- **TASK**:
Once the images are set aside, output the listing exactly as it stands.

- **DATASET EXCERPT**:
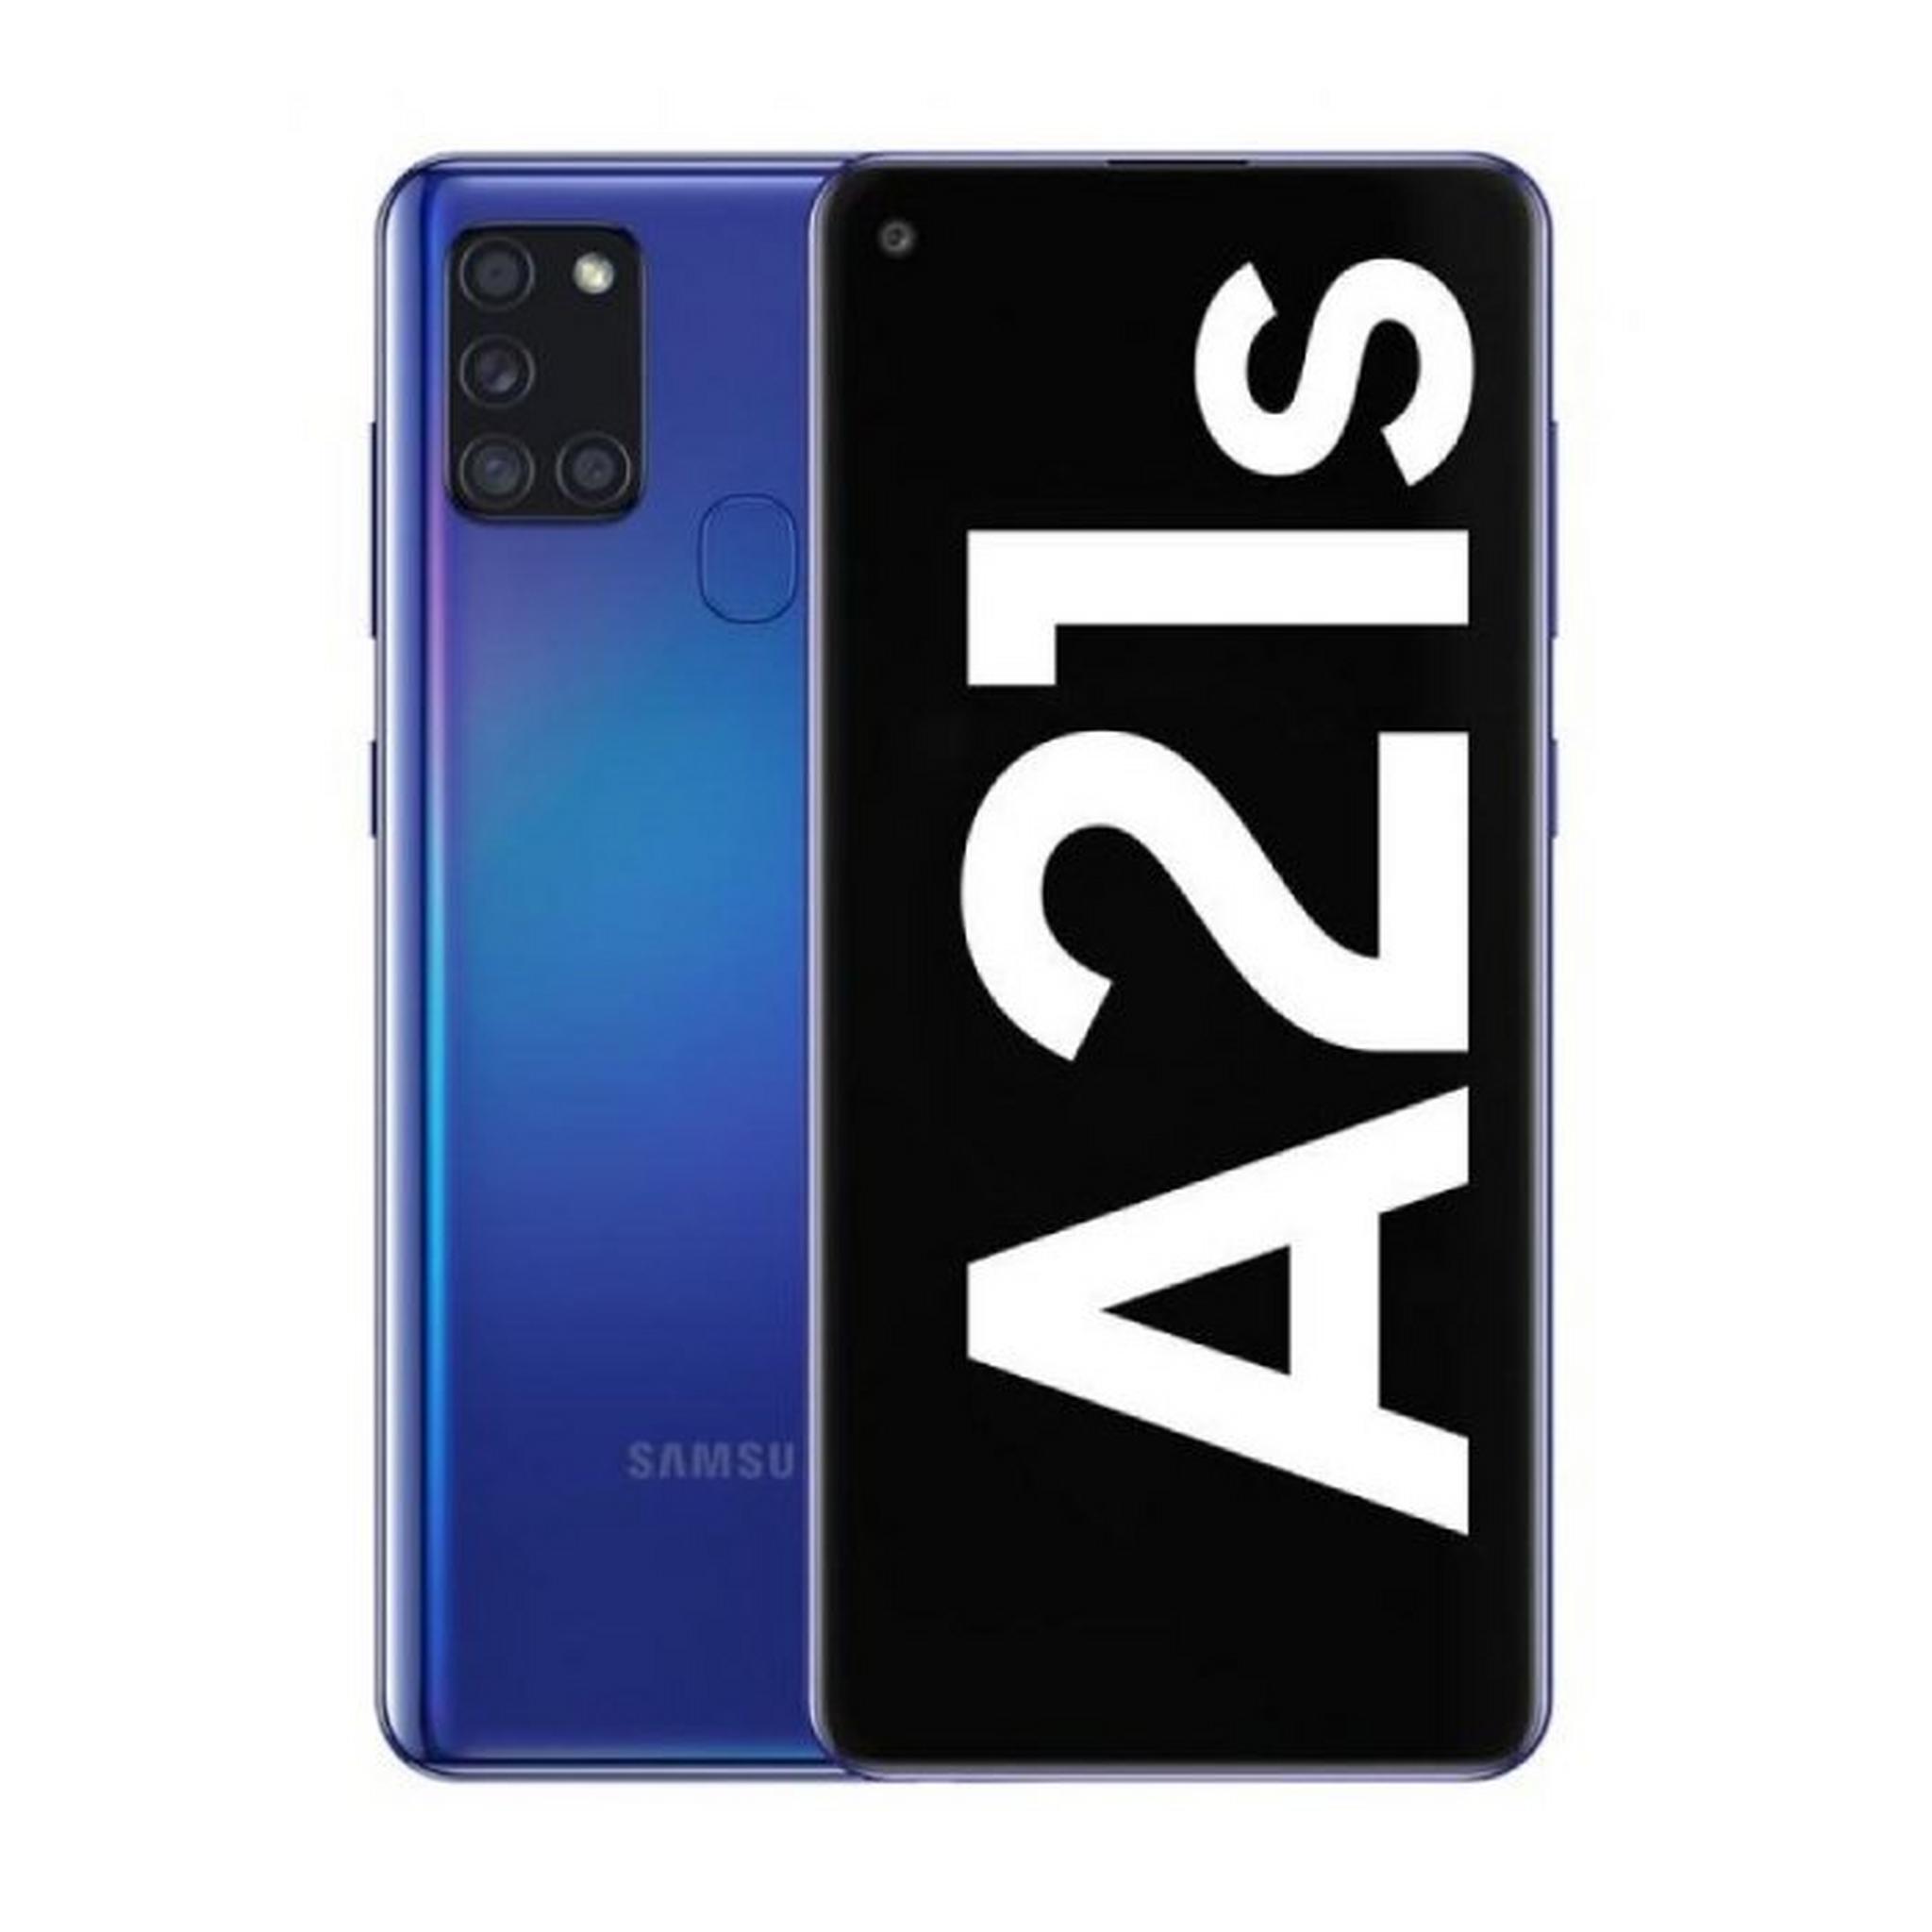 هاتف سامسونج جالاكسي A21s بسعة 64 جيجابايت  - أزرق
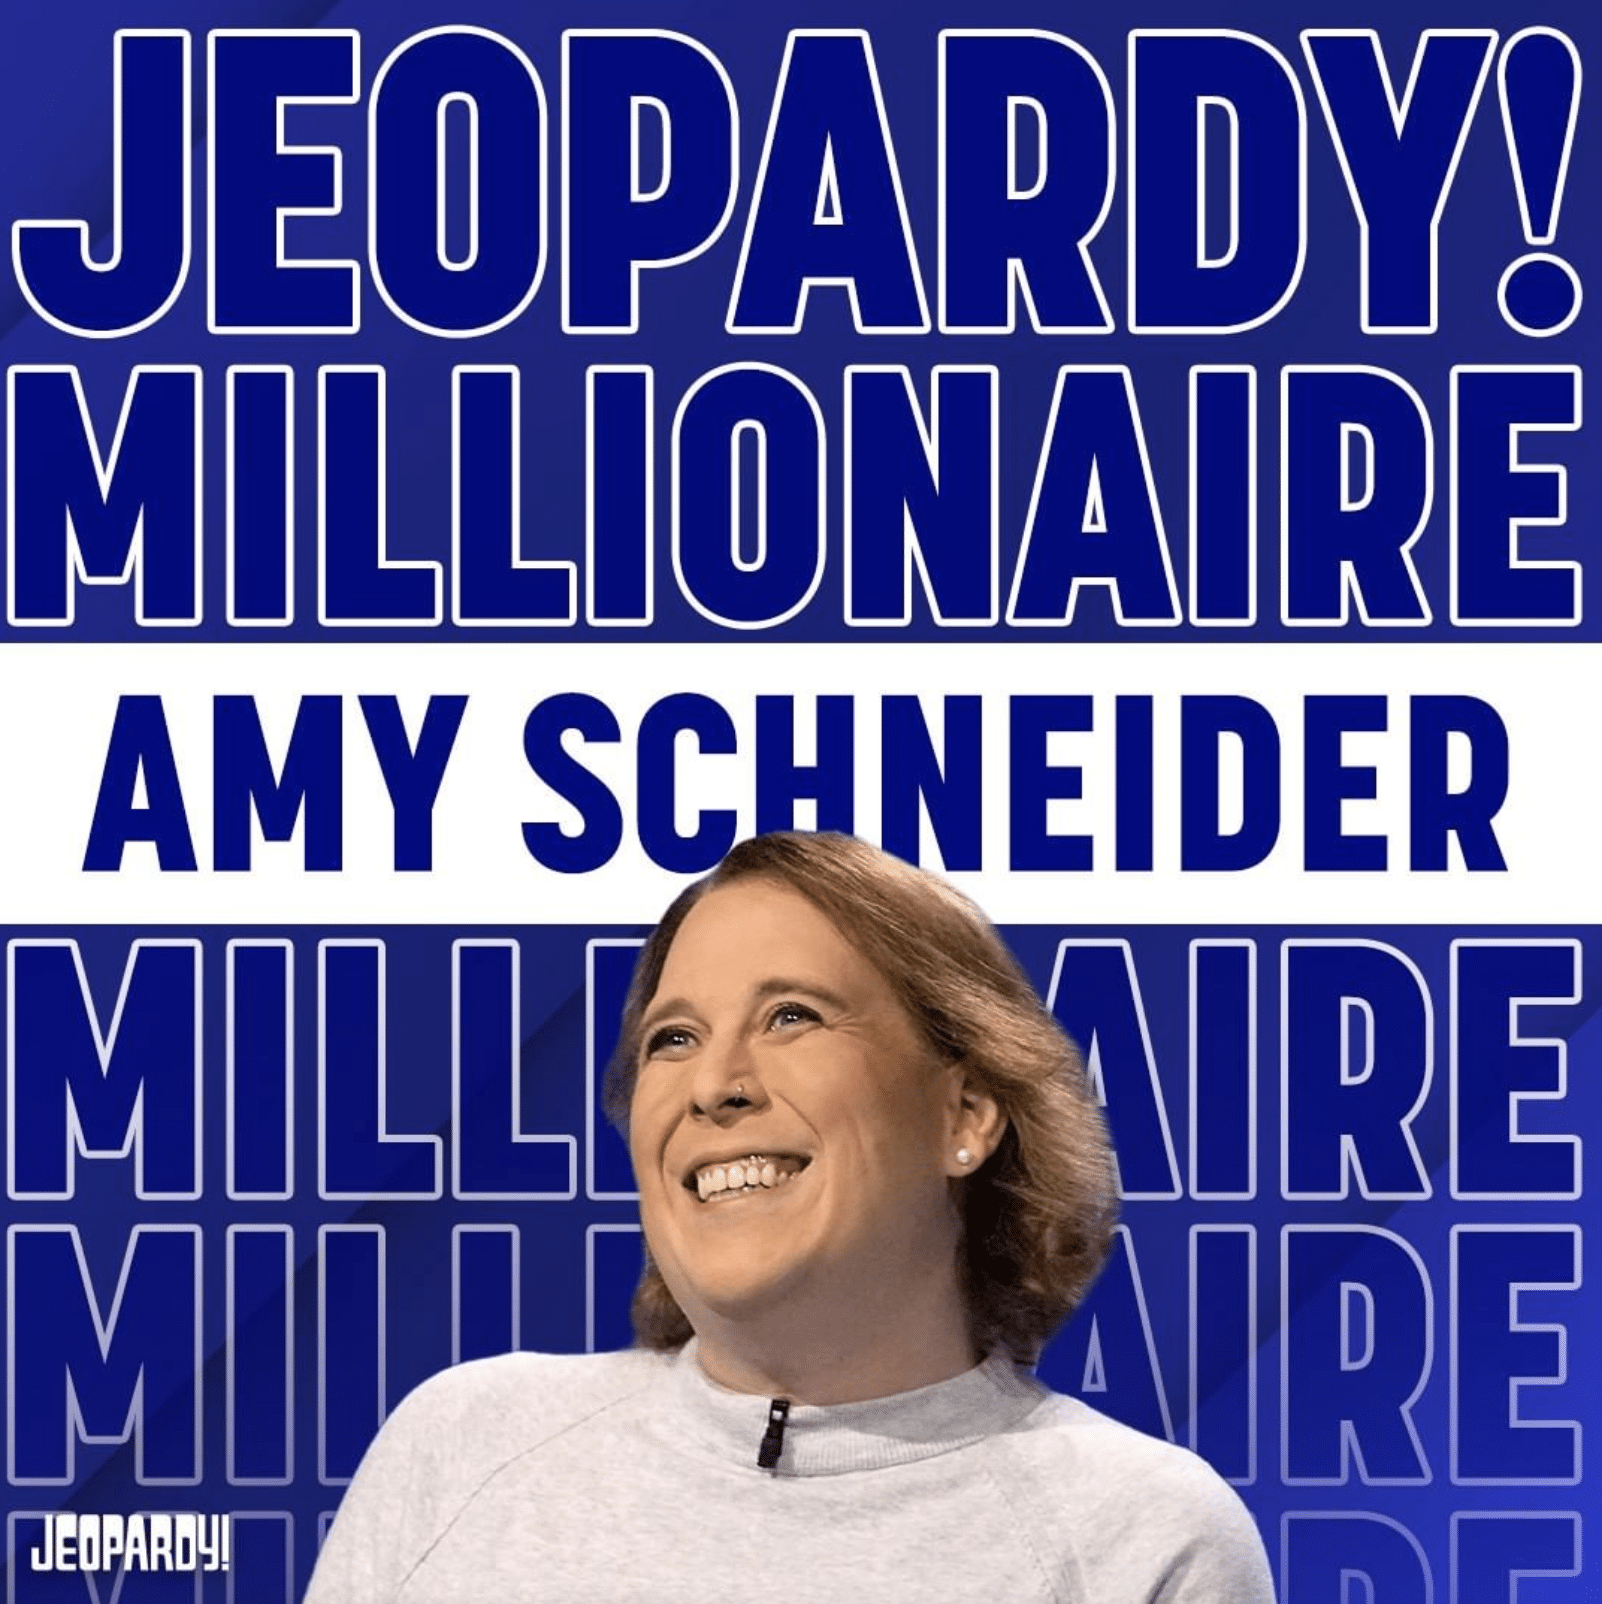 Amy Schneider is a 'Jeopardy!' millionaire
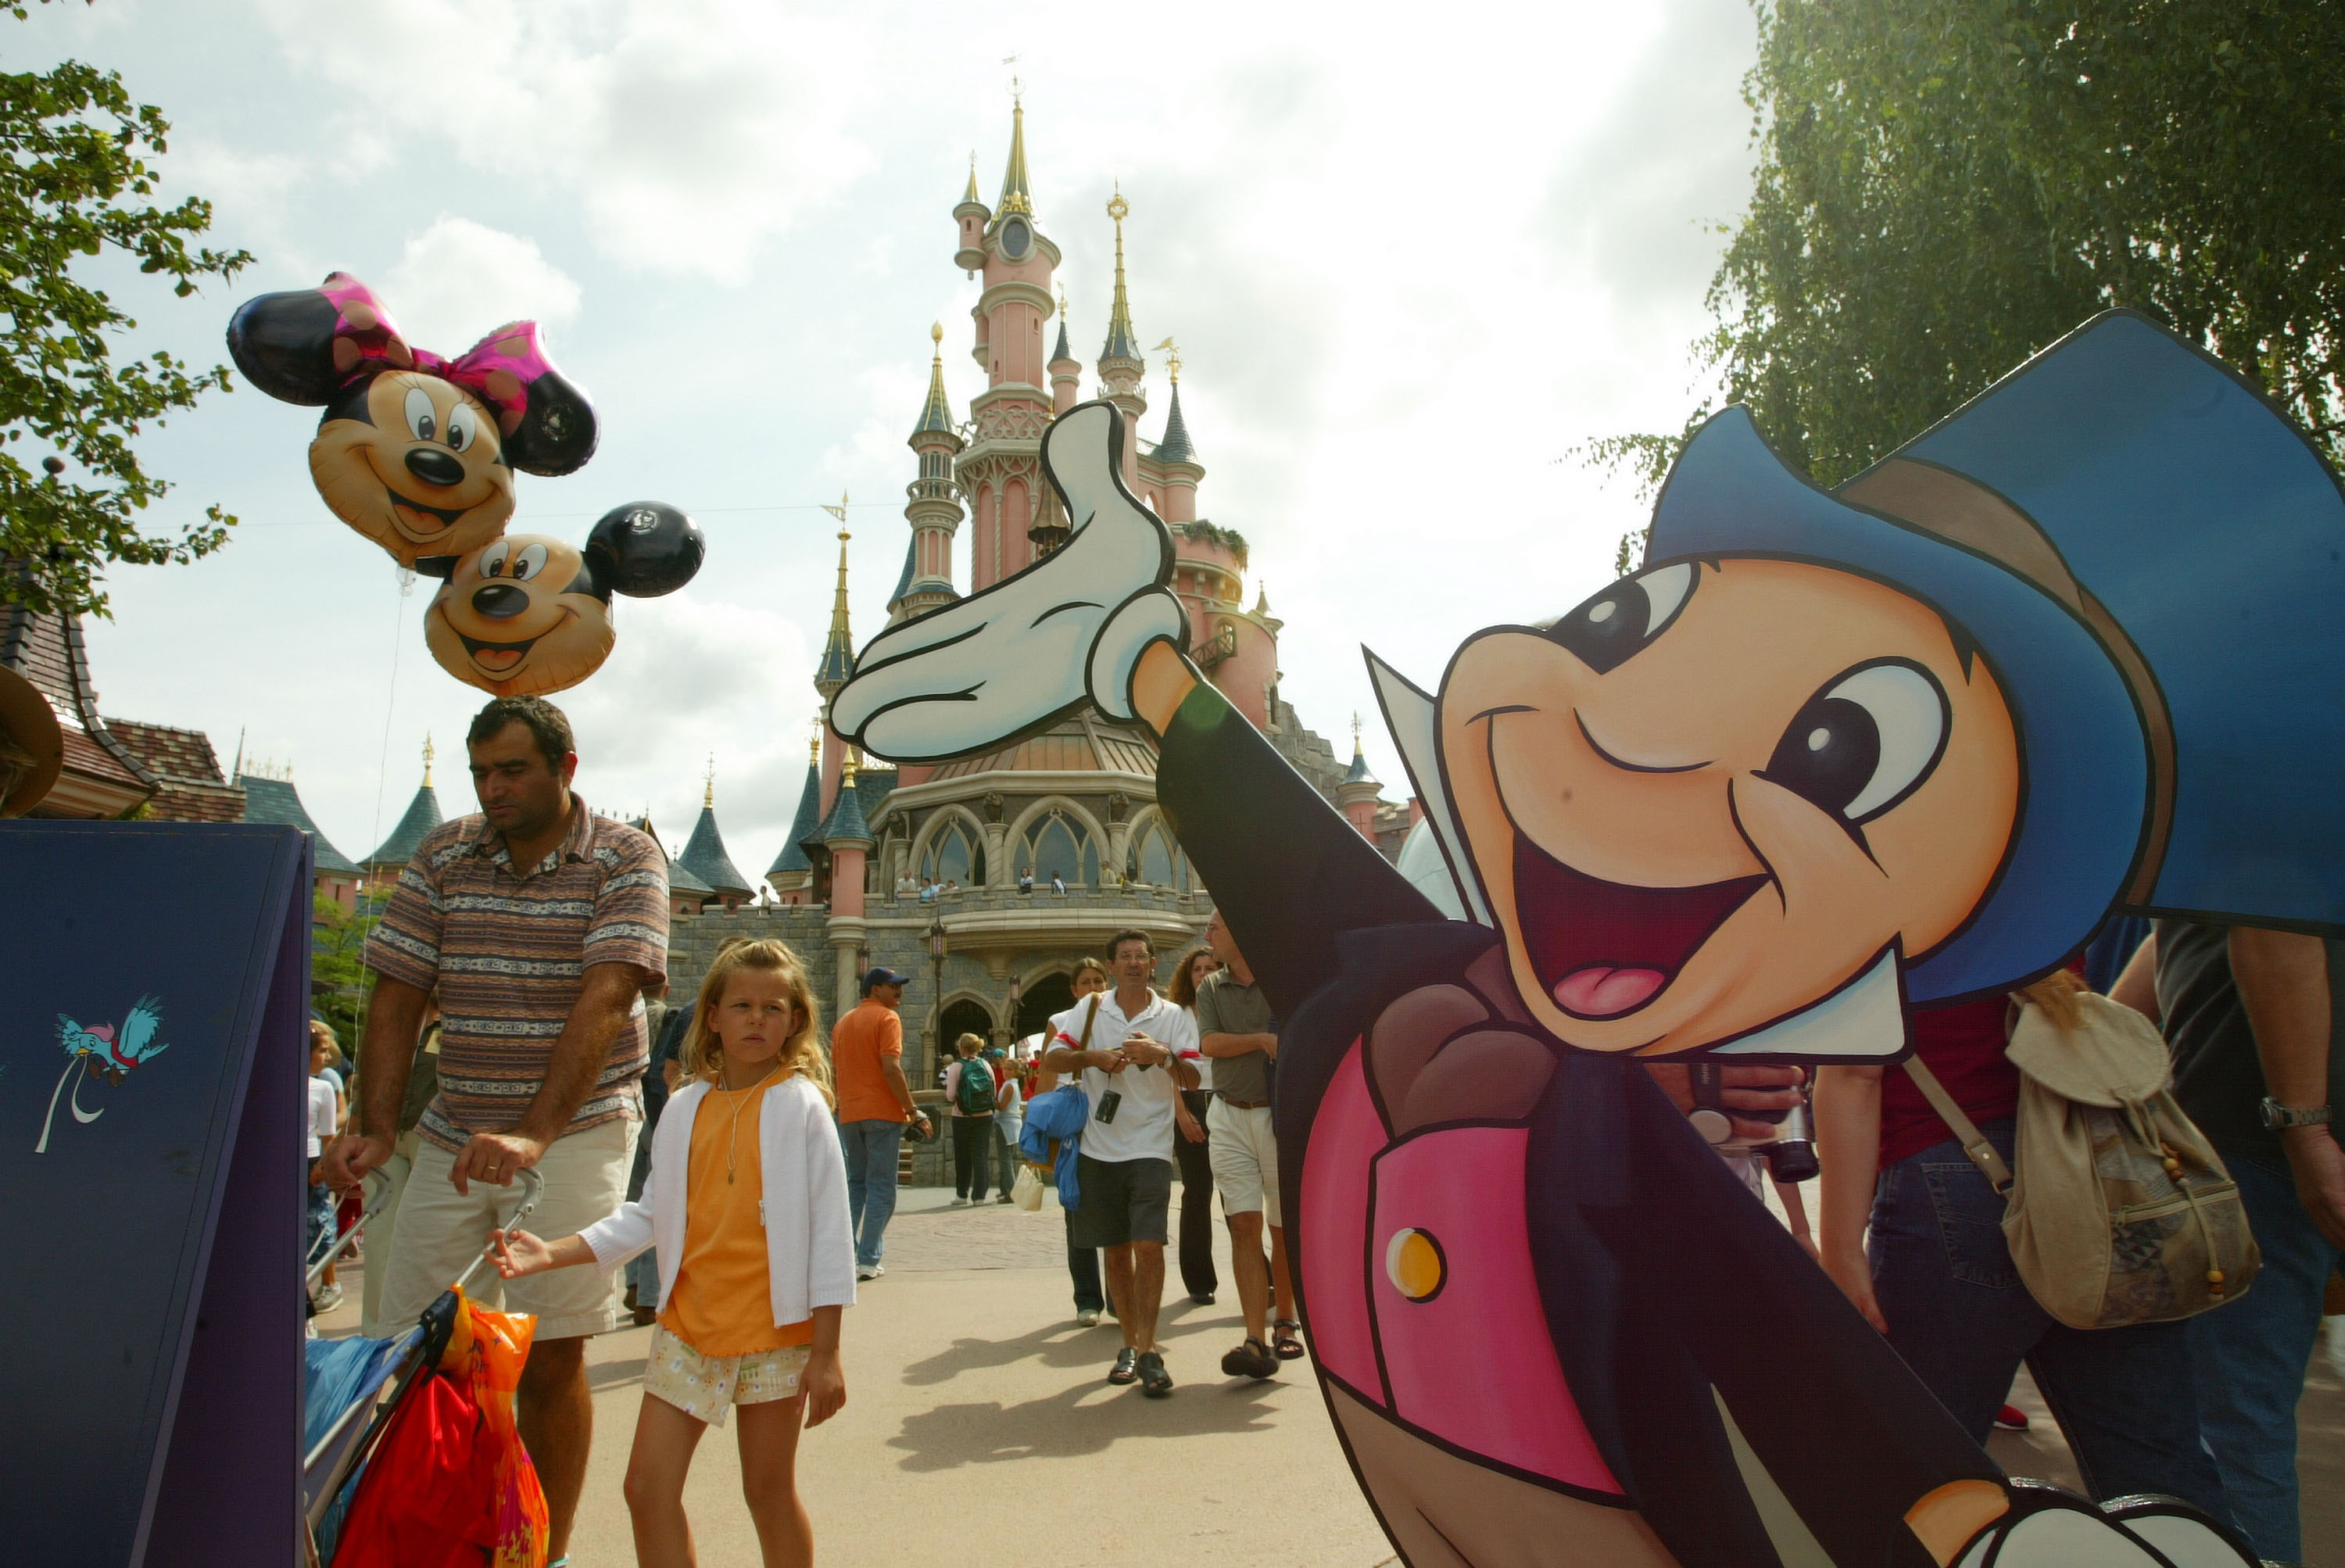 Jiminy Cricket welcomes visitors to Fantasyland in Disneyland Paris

- **SOLUTION FOR THIS TASK**:
 هاتف سامسونج جالاكسي A21s بسعة 64 جيجابايت  - أزرق
 Amy Schneider is a 'Jeopardy!' millionaire
 Jiminy Cricket welcomes visitors to Fantasyland in Disneyland Paris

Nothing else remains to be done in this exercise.